● **WHAT TO DO**: Output, exactly and with no pictures, the line that contains "IFJ PAN w Krakwie;" and every line that comes after it in the data below, the last one included.

(Beginning of SOURCE MATERIAL)

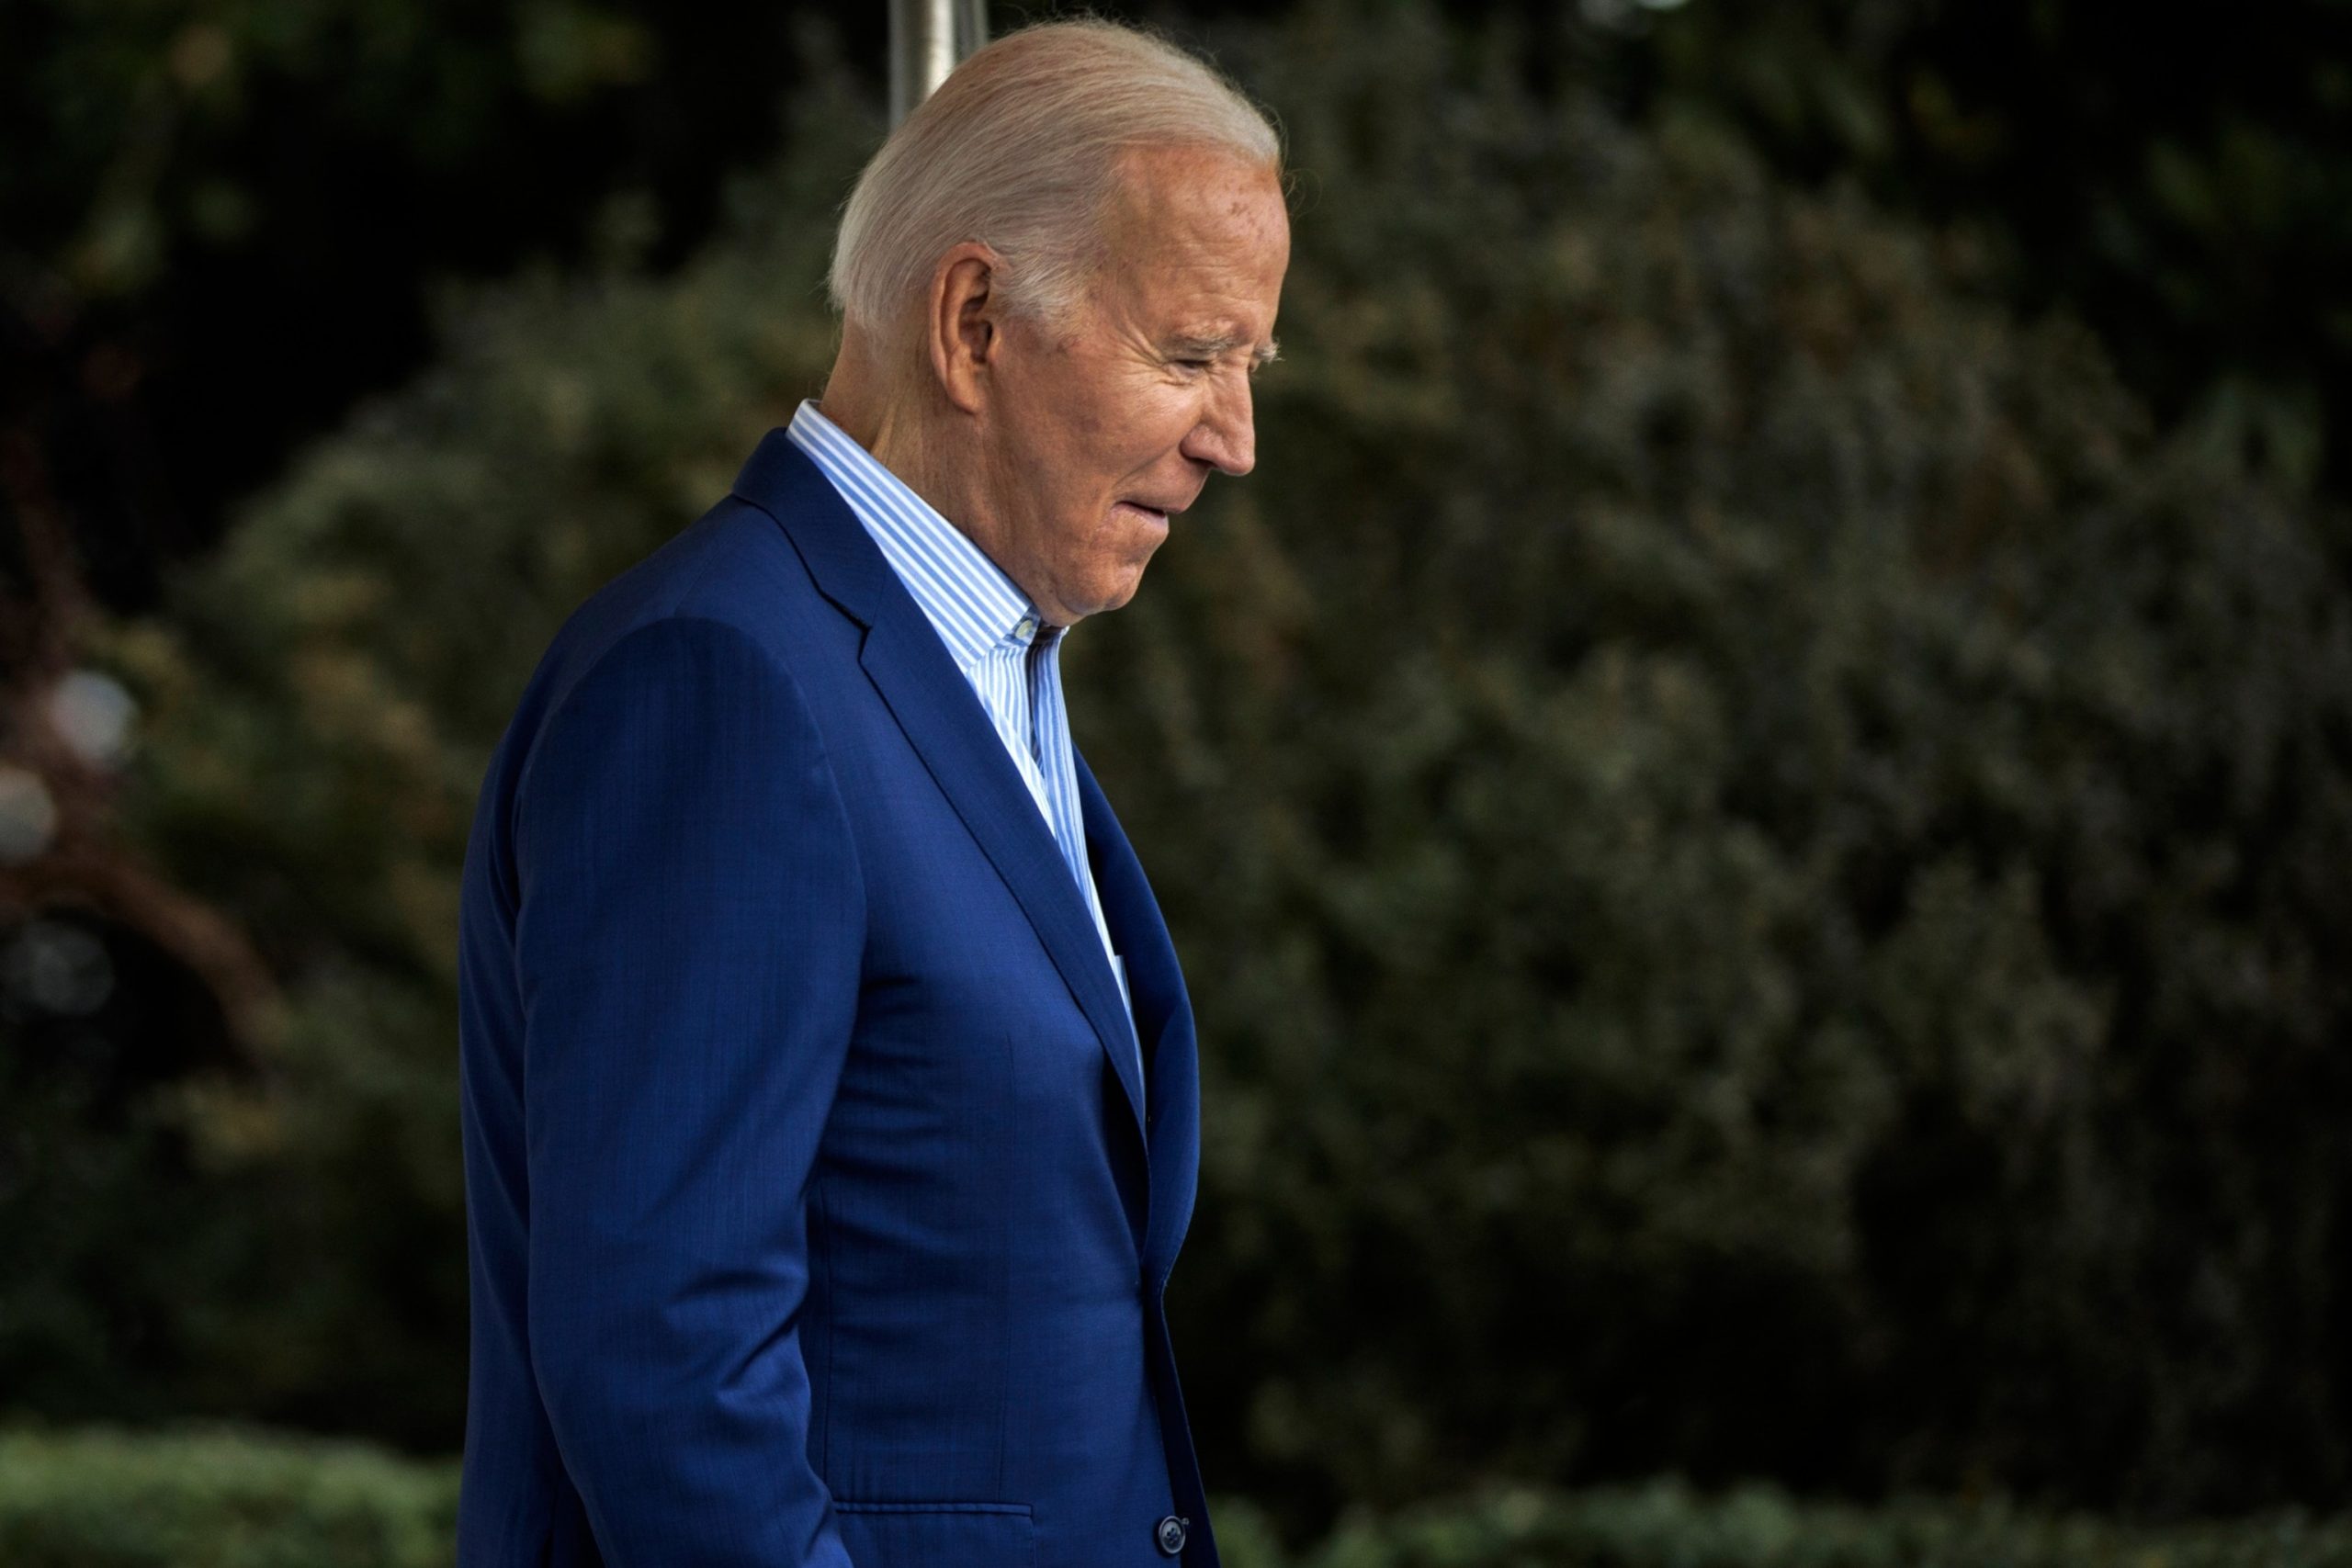 One Year After Toxic Train Derailment, Biden to Visit East Palestine
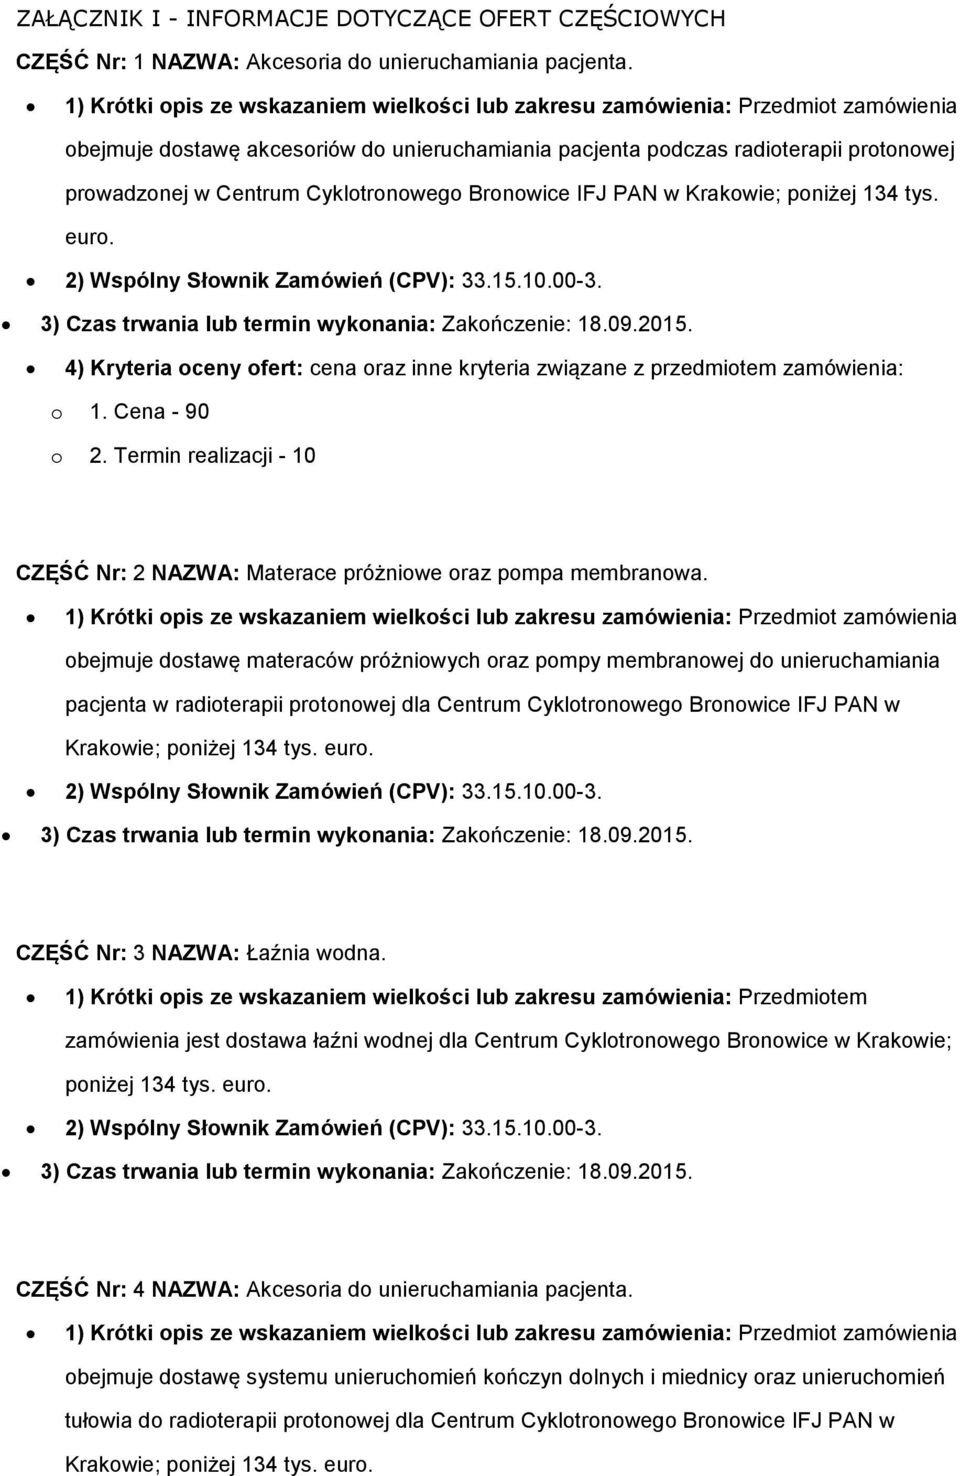 IFJ PAN w Krakwie; pniżej 134 tys. eur. 2) Wspólny Słwnik Zamówień (CPV): 33.15.10.00-3. 3) Czas trwania lub termin wyknania: Zakńczenie: 18.09.2015.
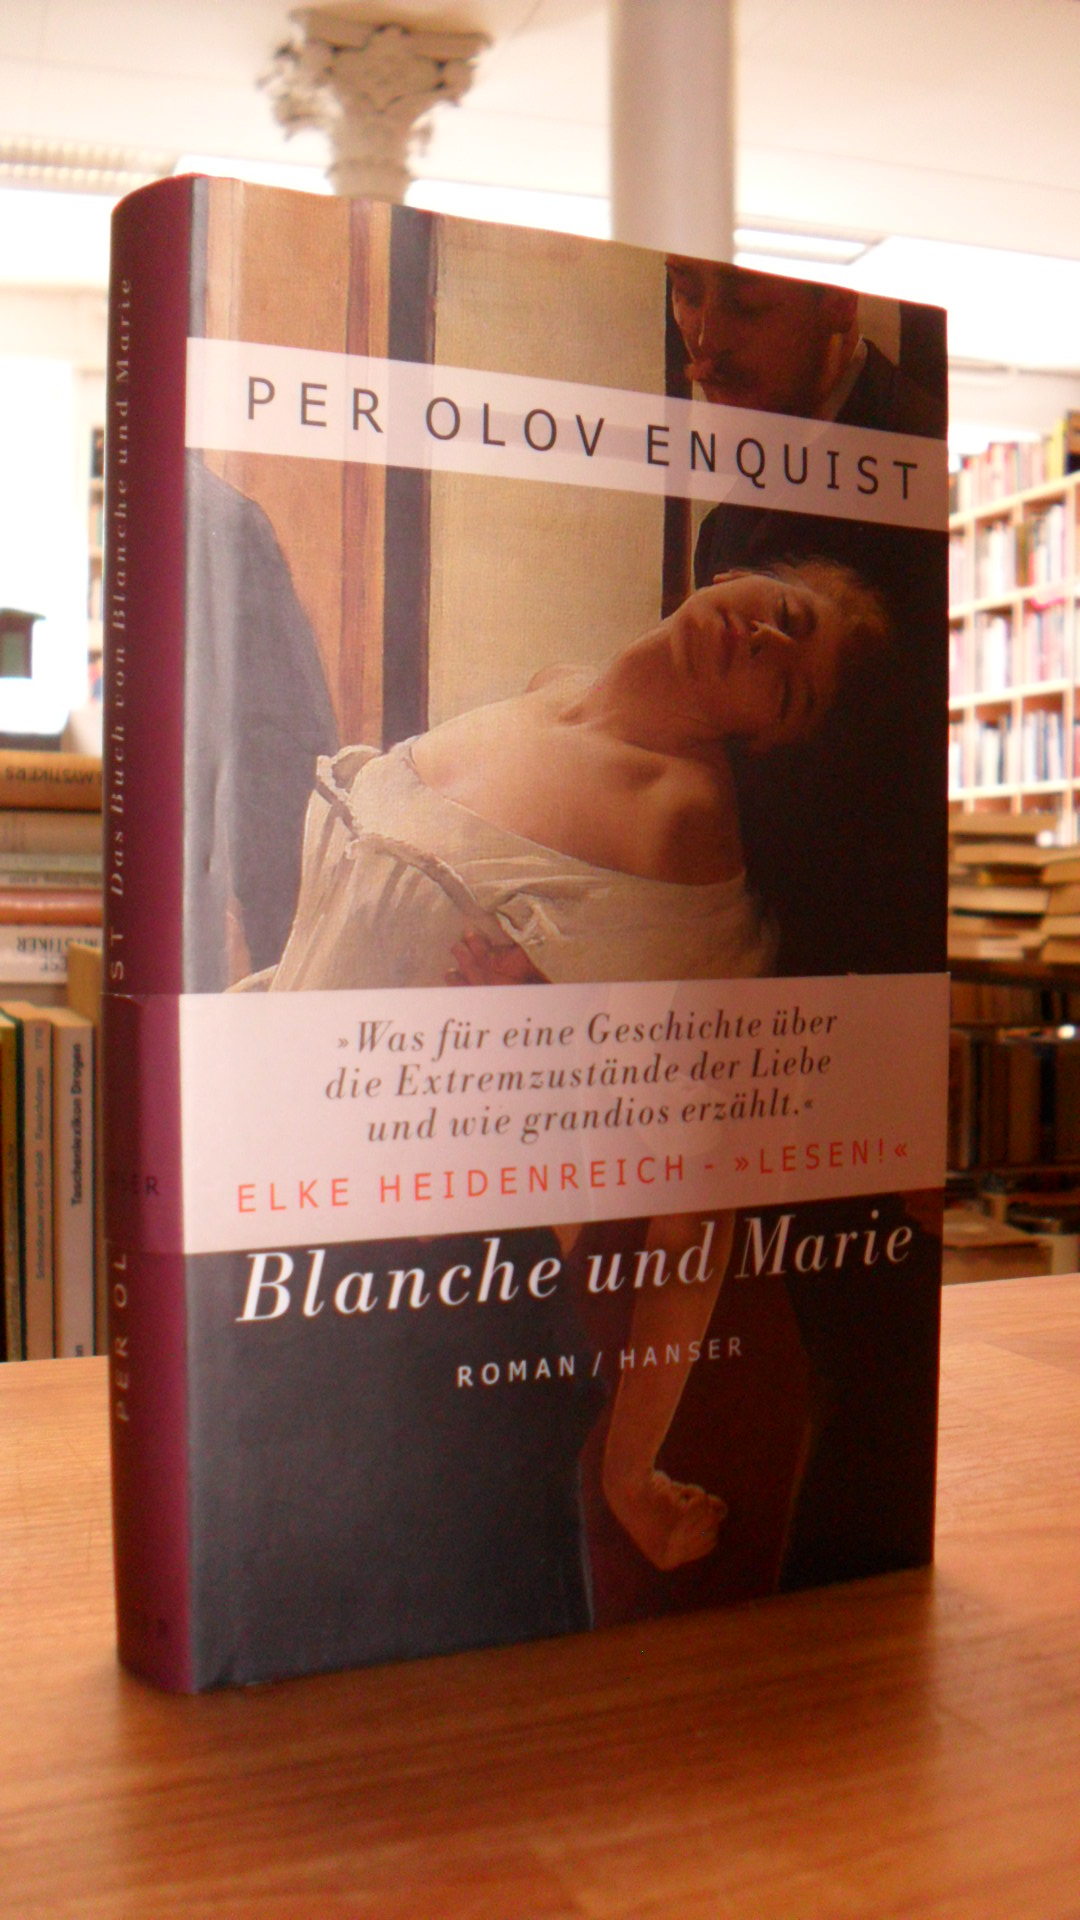 Enquist, Das Buch von Blanche und Marie,

(End of SOURCE MATERIAL)

● **RESULT OF THIS EXERCISE**:
 IFJ PAN w Krakwie; pniżej 134 tys. eur. 2) Wspólny Słwnik Zamówień (CPV): 33.15.10.00-3. 3) Czas trwania lub termin wyknania: Zakńczenie: 18.09.2015.
 Enquist, Das Buch von Blanche und Marie,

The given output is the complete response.